## Supplied information
►

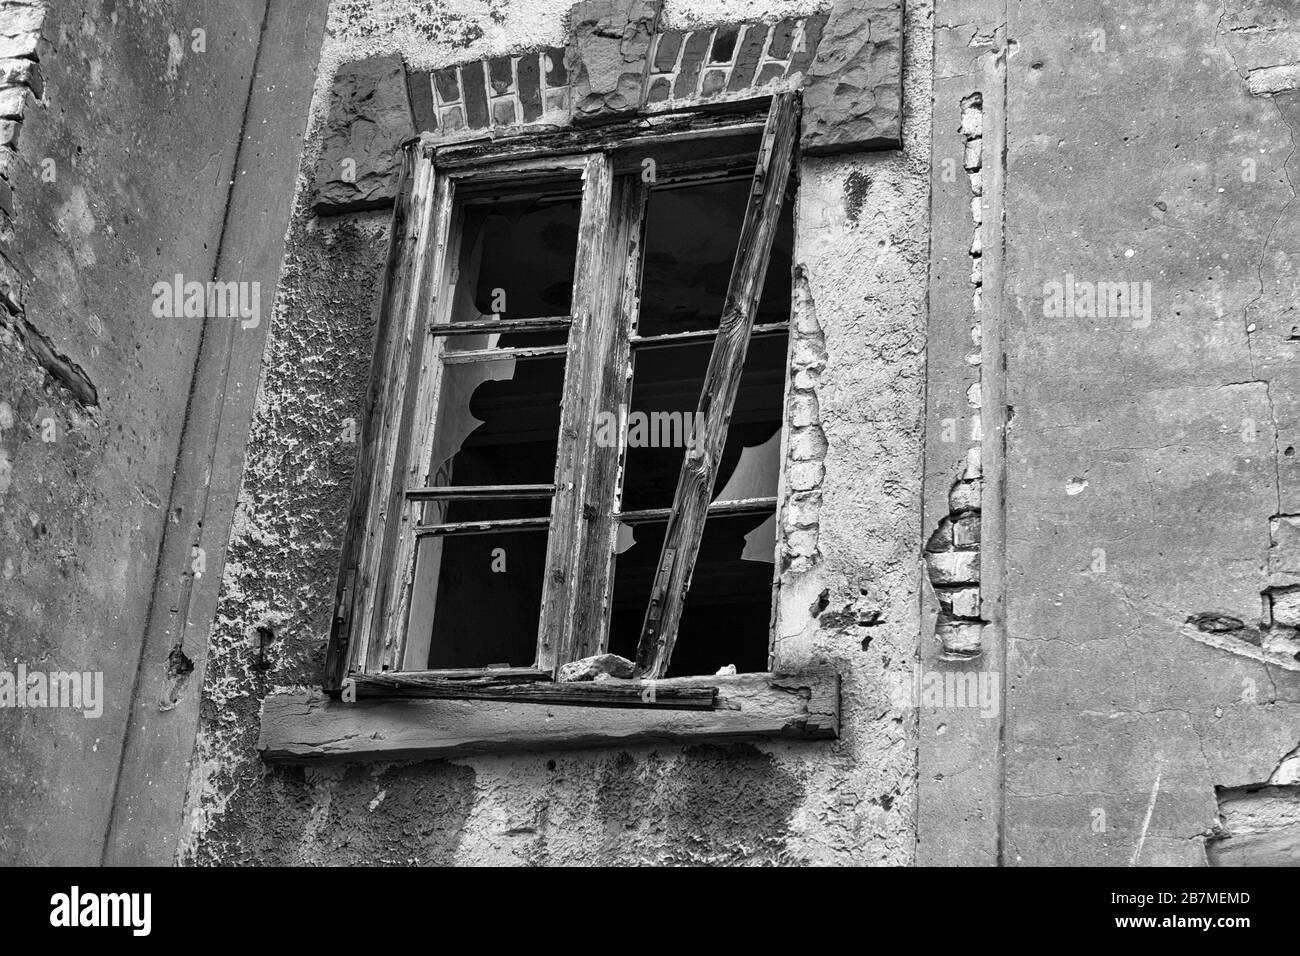 Dettaglio di una finestra spezzata in un edificio abbandonato nel Vecchio Porto di Trieste, Friuli-Venezia-Giulia, Italia: Versione in bianco e nero Foto Stock
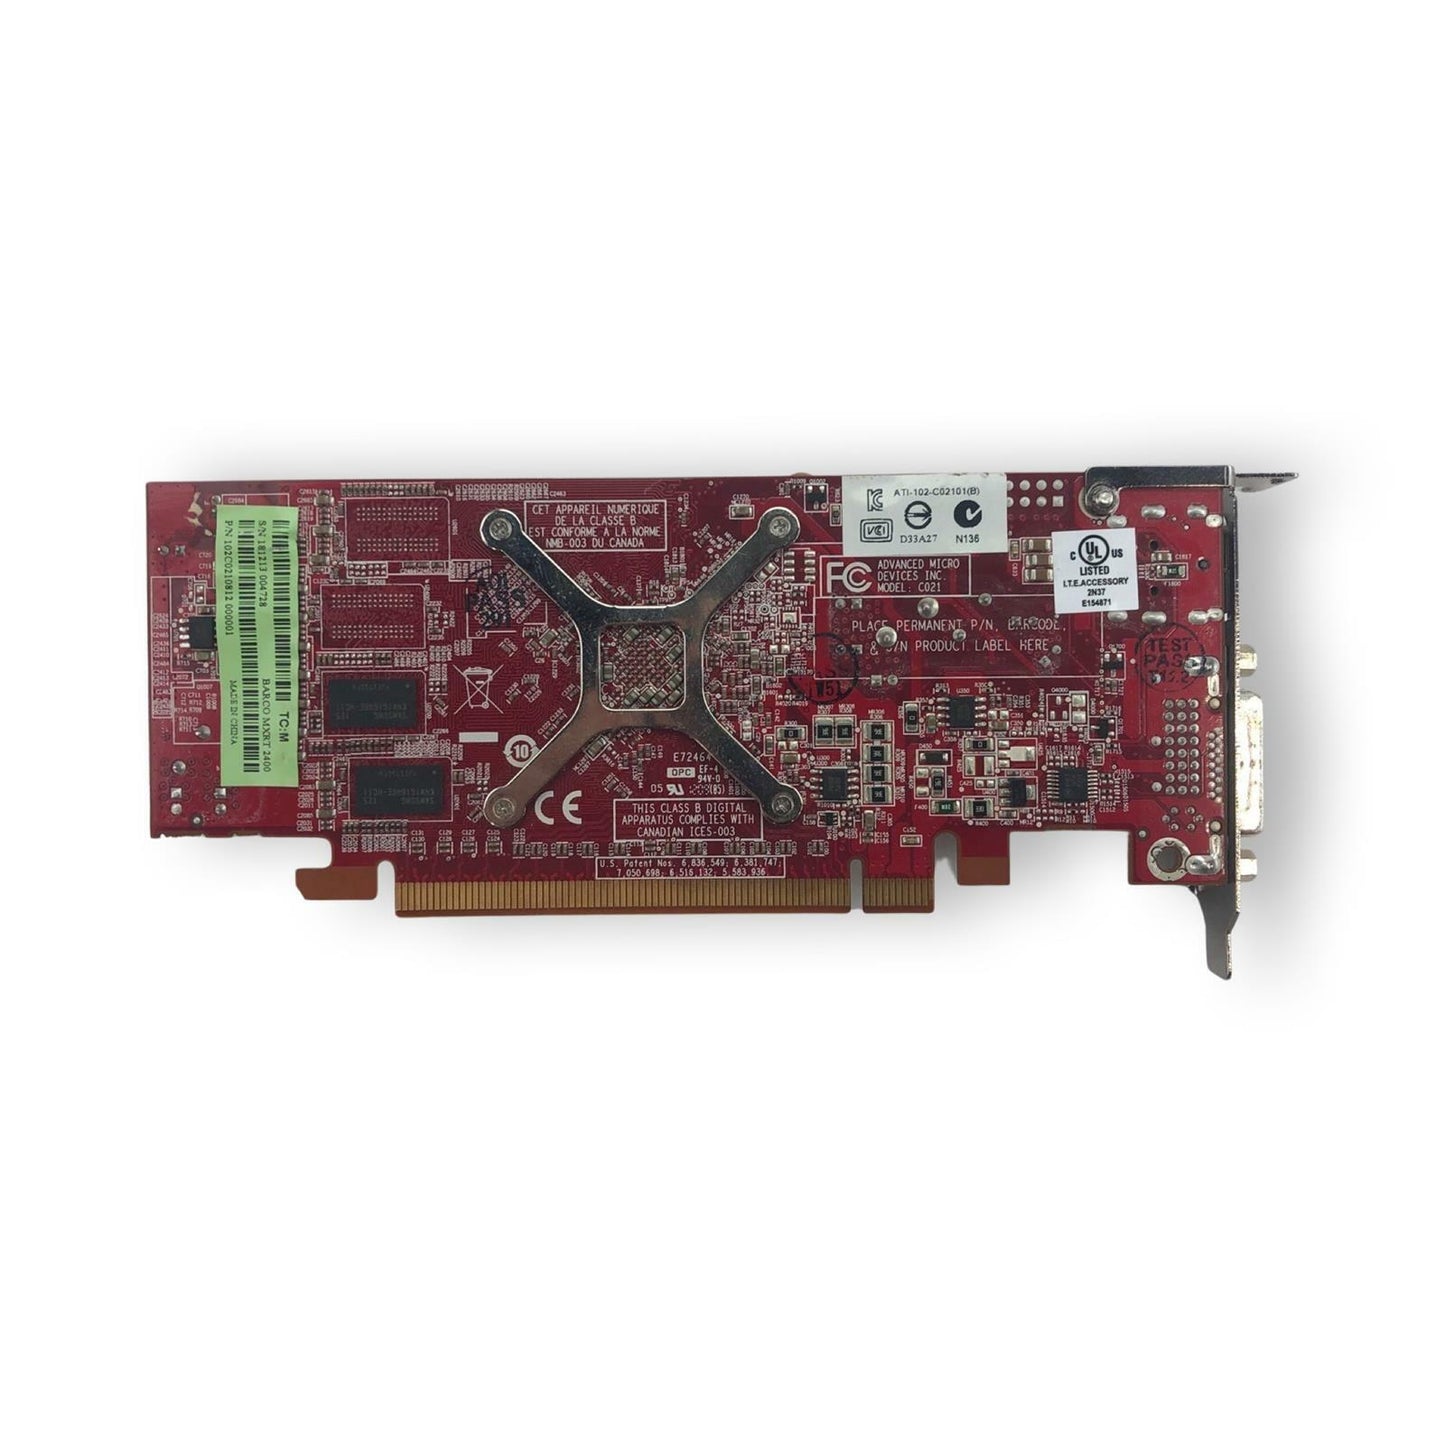 Barco MXRT-2400 ATI FirePro 3D 512MB DDR3 PCIe DVI 71213830W0G Video Card
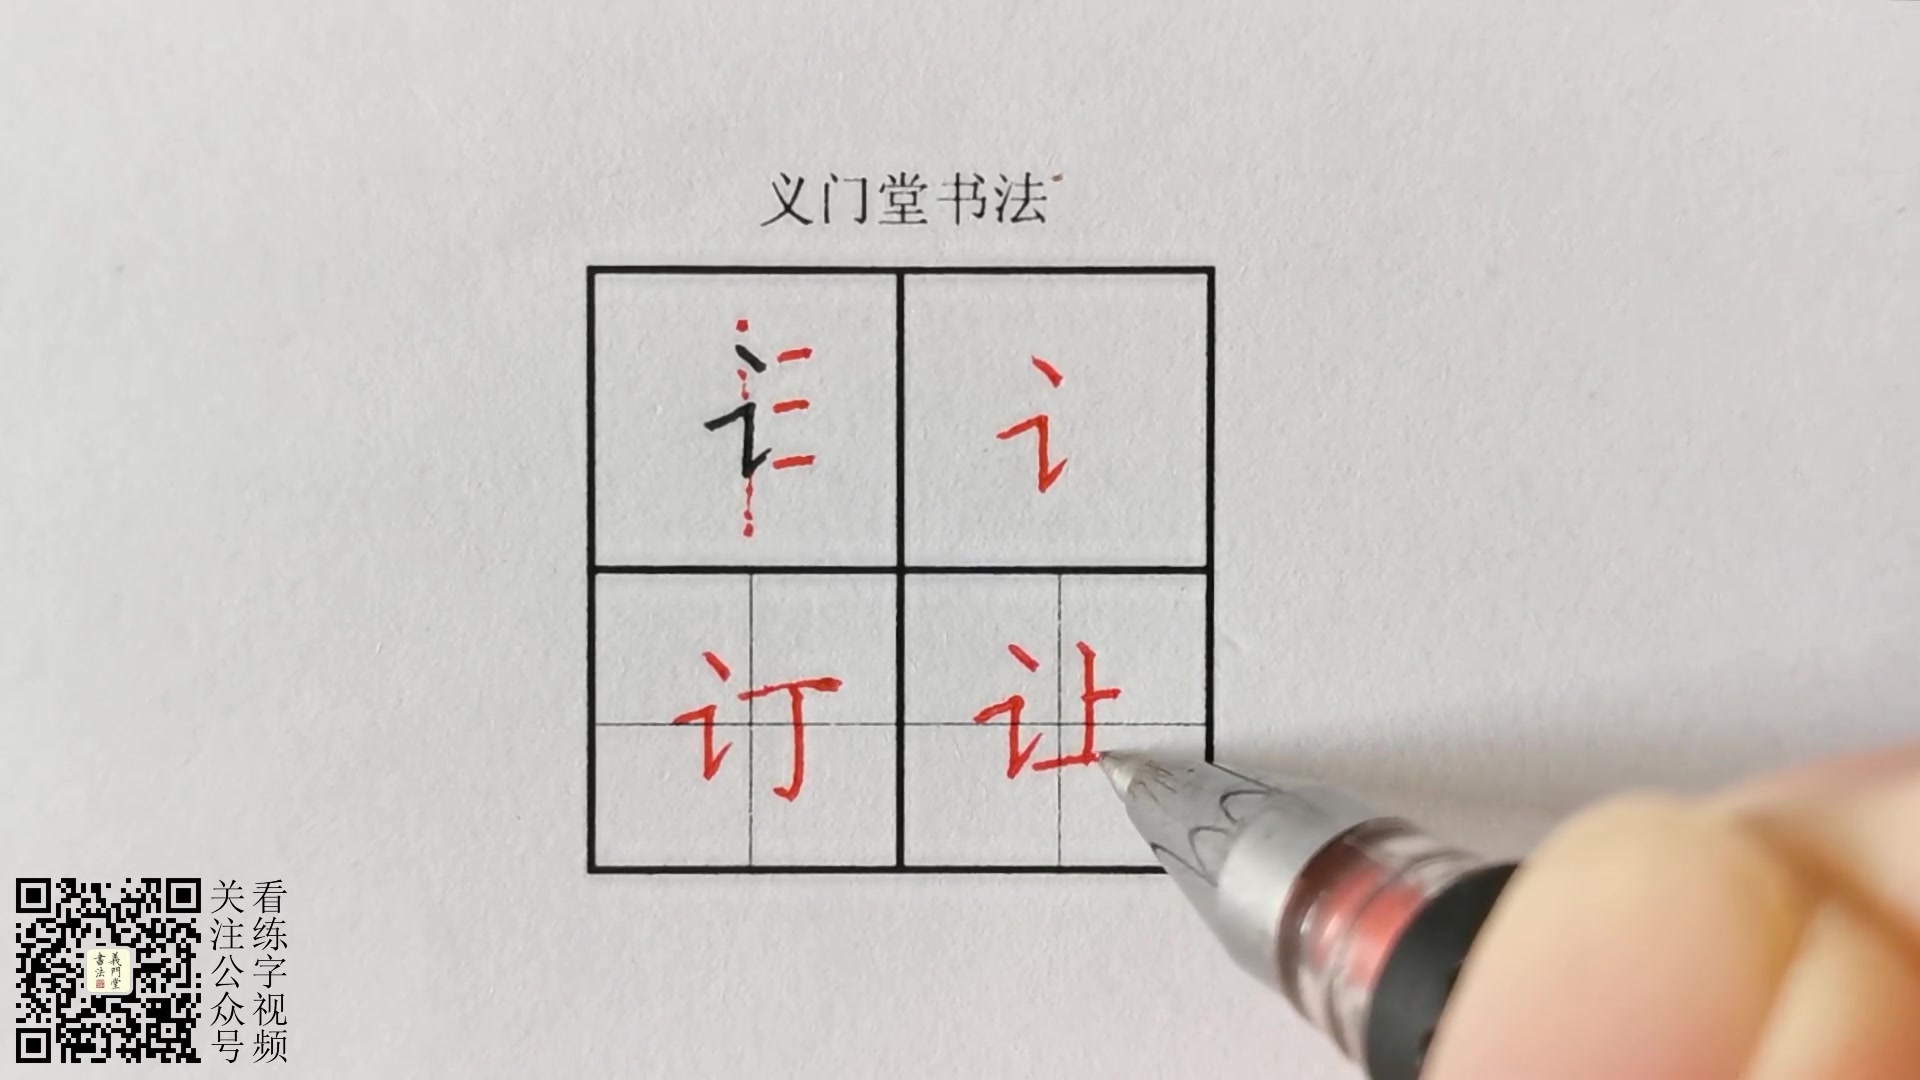 【练字视频】硬笔书法写字教程:楷书偏旁部首
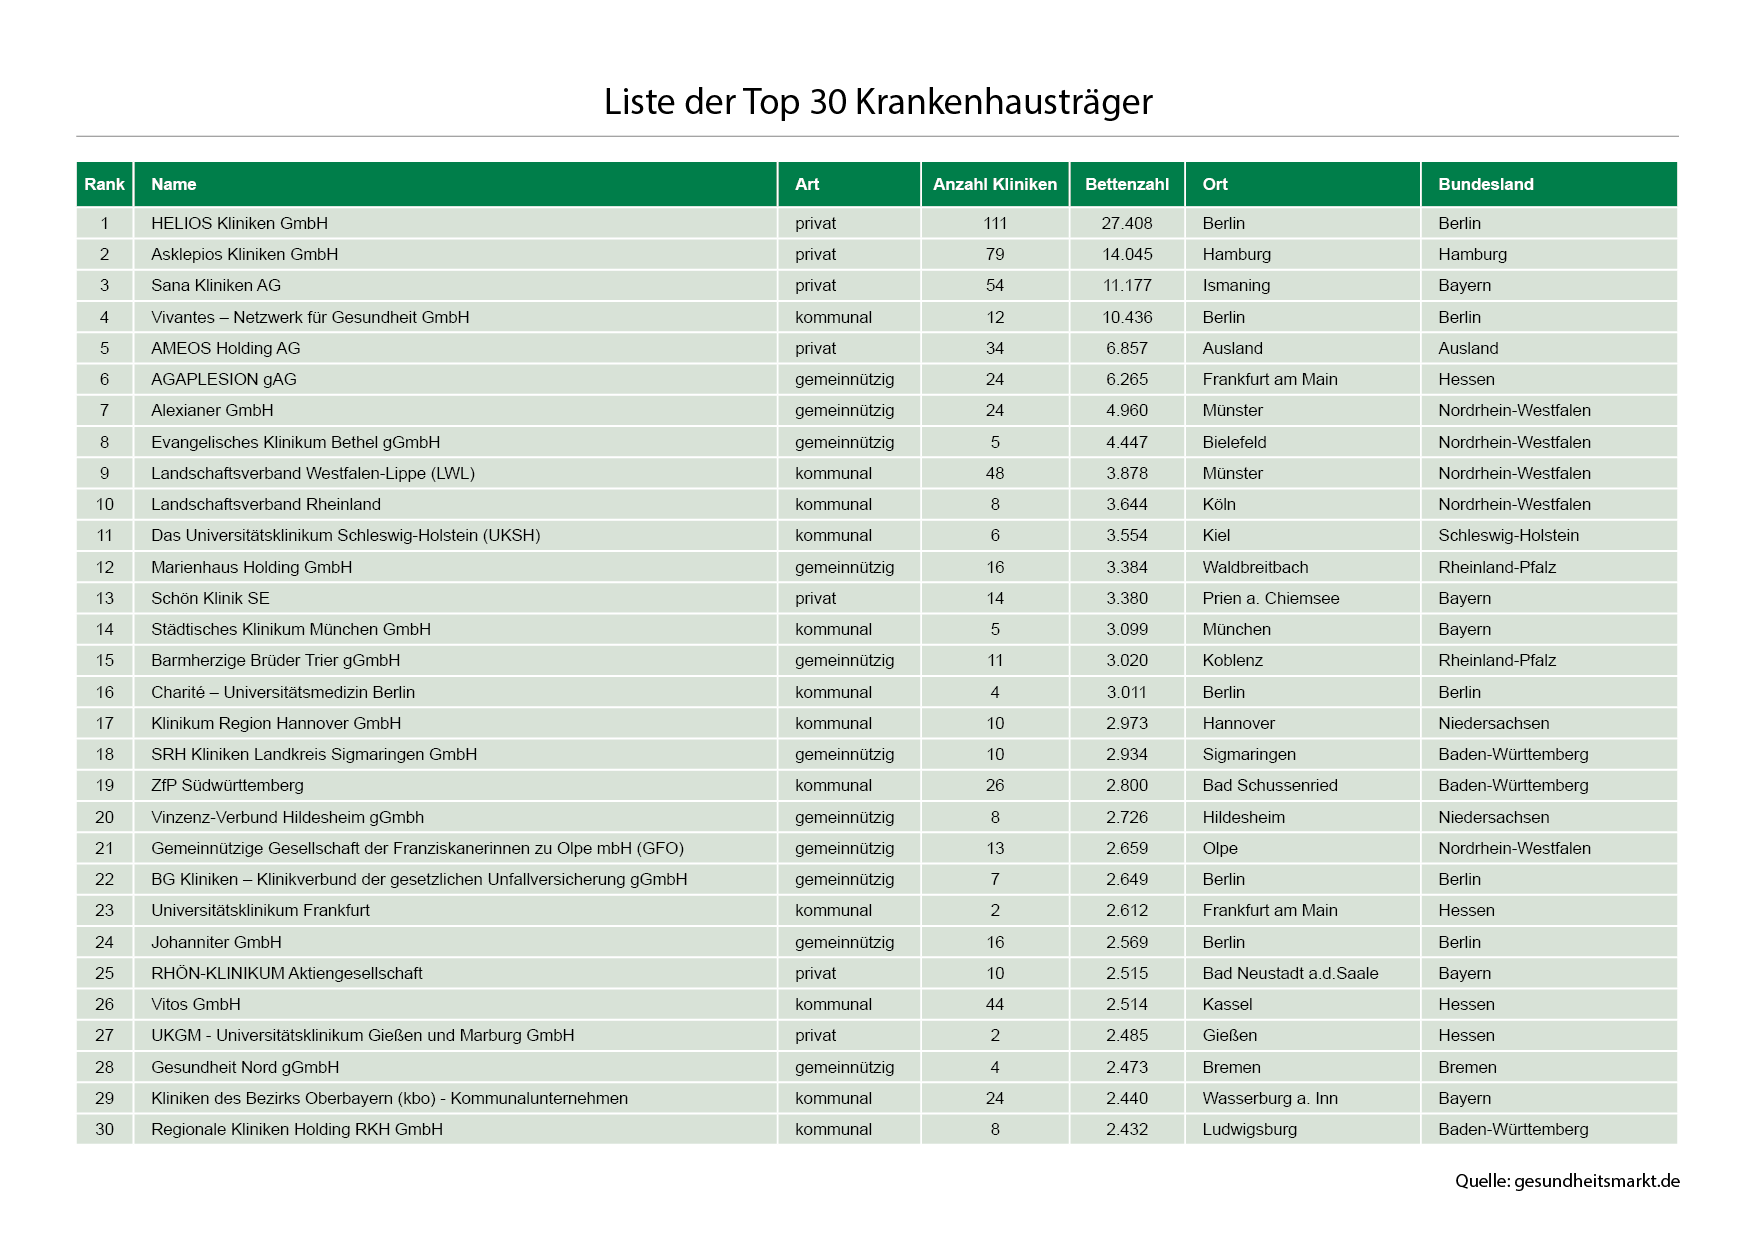 Liste der 30 größten Krankenhausträger

◄

Every line above should be copied exactly; do not carry over the pictures.

 Dettaglio di una finestra spezzata in un edificio abbandonato nel Vecchio Porto di Trieste, Friuli-Venezia-Giulia, Italia: Versione in bianco e nero Foto Stock
 Barco MXRT-2400 ATI FirePro 3D 512MB DDR3 PCIe DVI 71213830W0G Video Card
 【练字视频】硬笔书法写字教程:楷书偏旁部首
 Liste der 30 größten Krankenhausträger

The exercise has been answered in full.